Given data >>
● ● ●

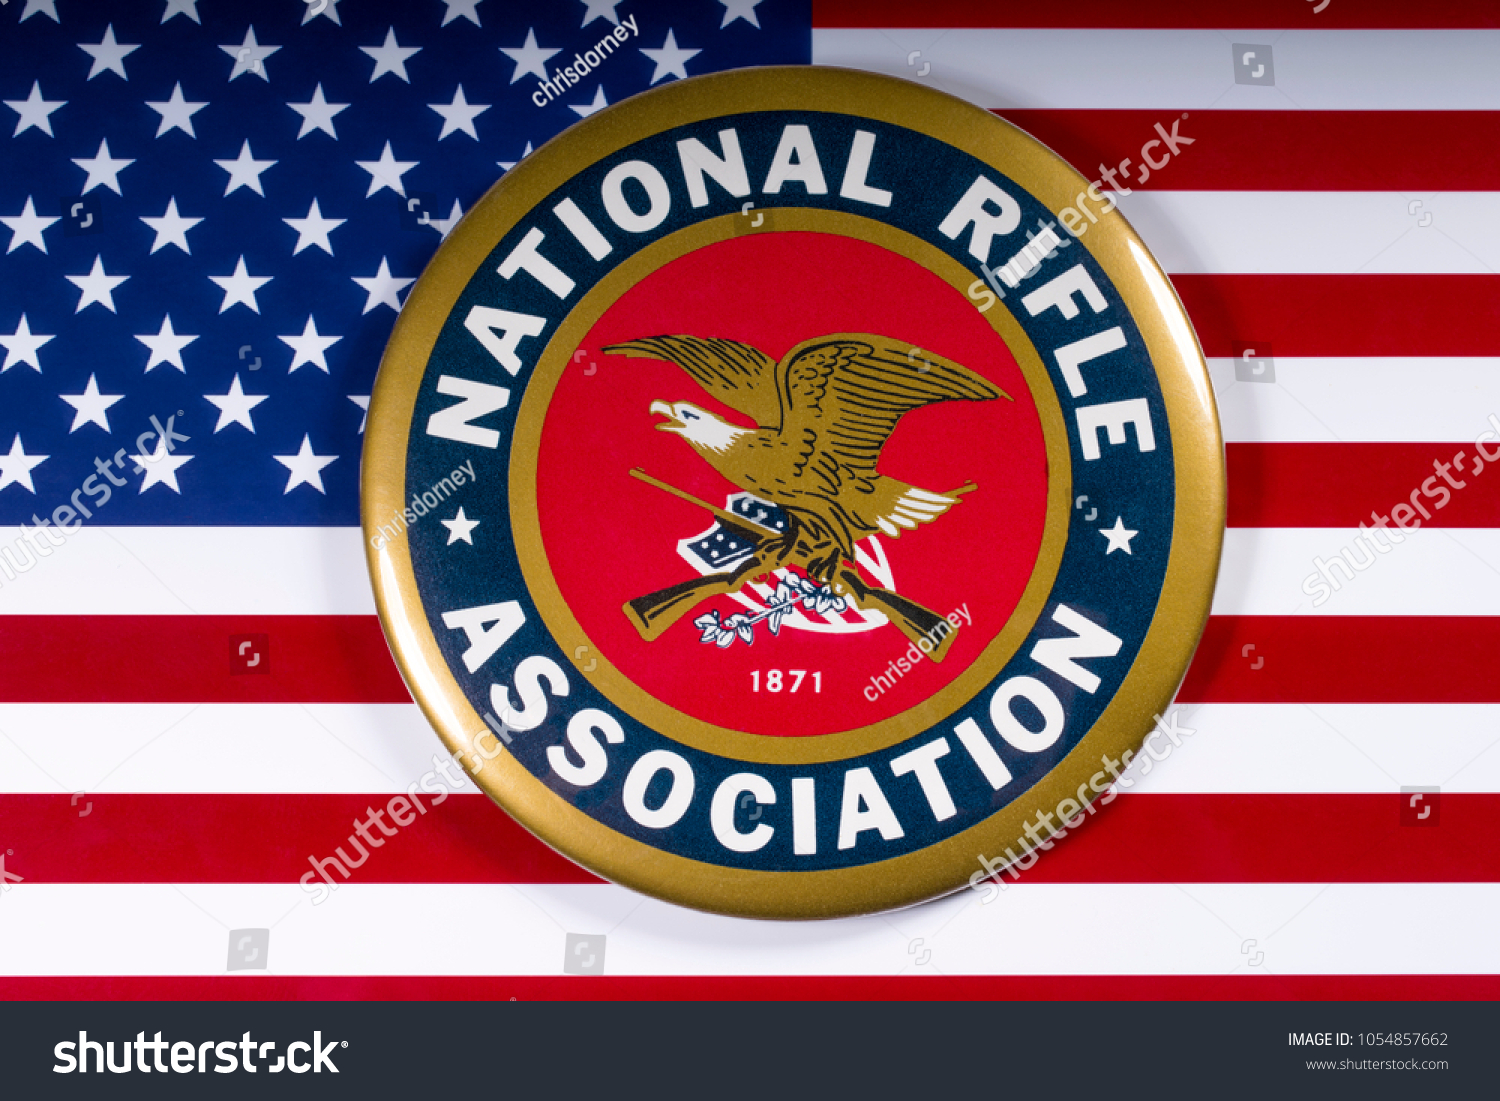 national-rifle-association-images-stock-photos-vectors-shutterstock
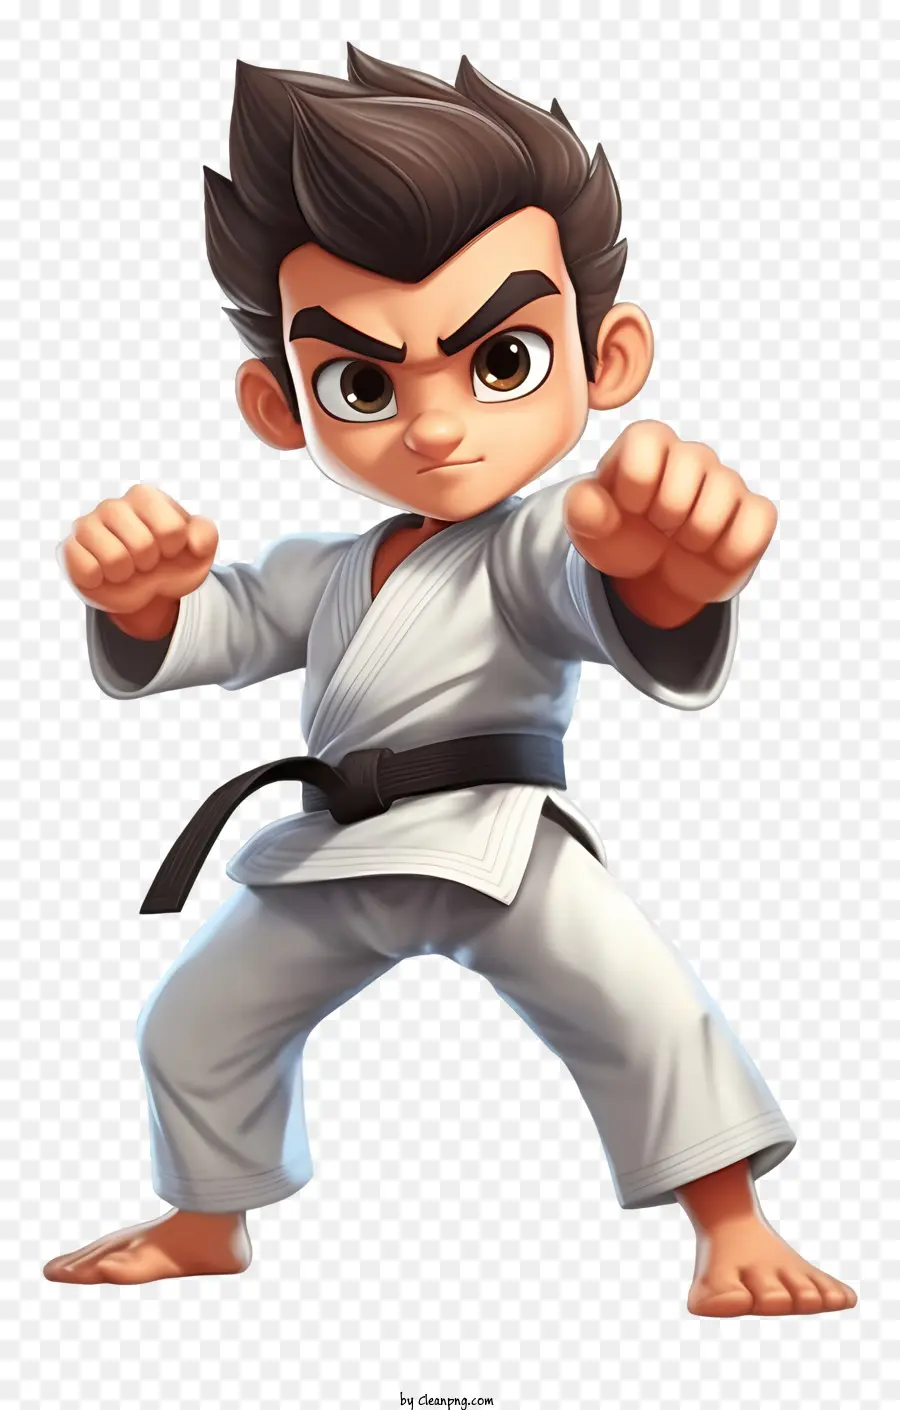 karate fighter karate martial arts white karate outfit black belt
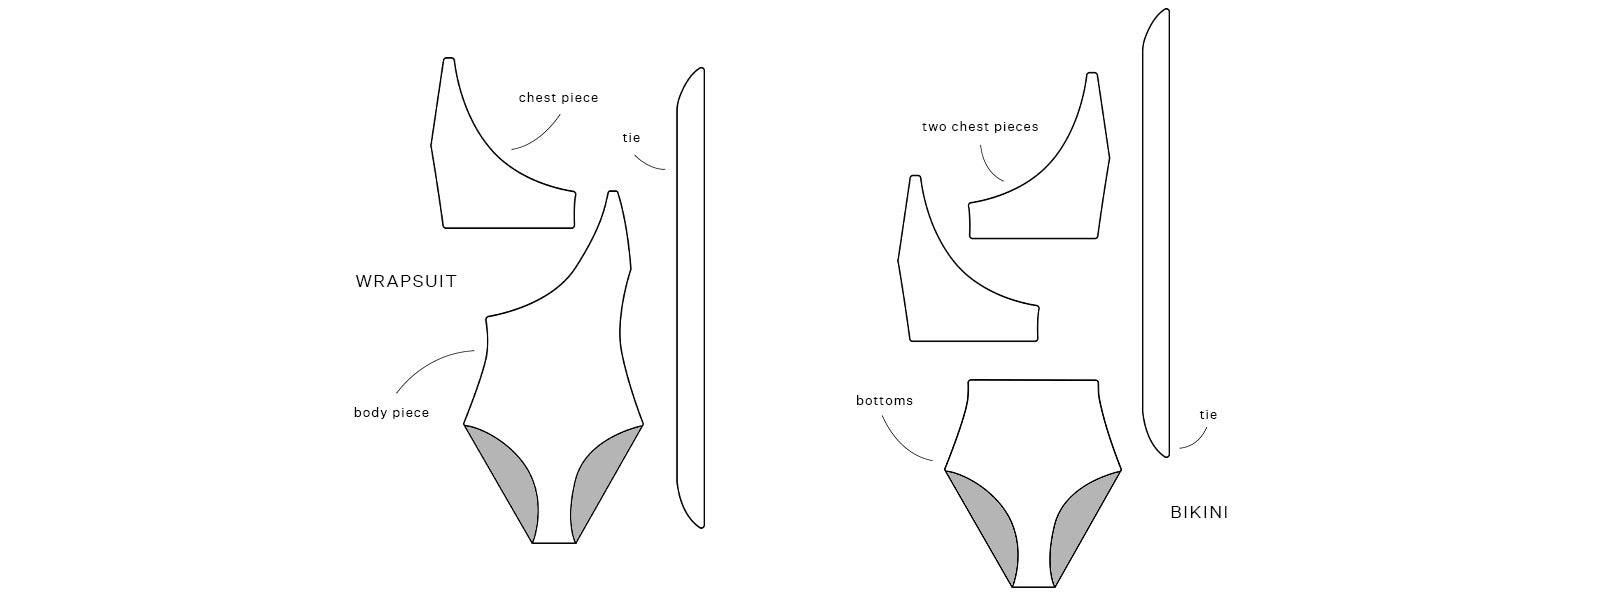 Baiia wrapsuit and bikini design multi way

● ● ●

Reproduce the material word for word. Any pictures should be left out of the copy.

 national-rifle-association-images-stock-photos-vectors-shutterstock
 karate fighter karate martial arts white karate outfit black belt
 Baiia wrapsuit and bikini design multi way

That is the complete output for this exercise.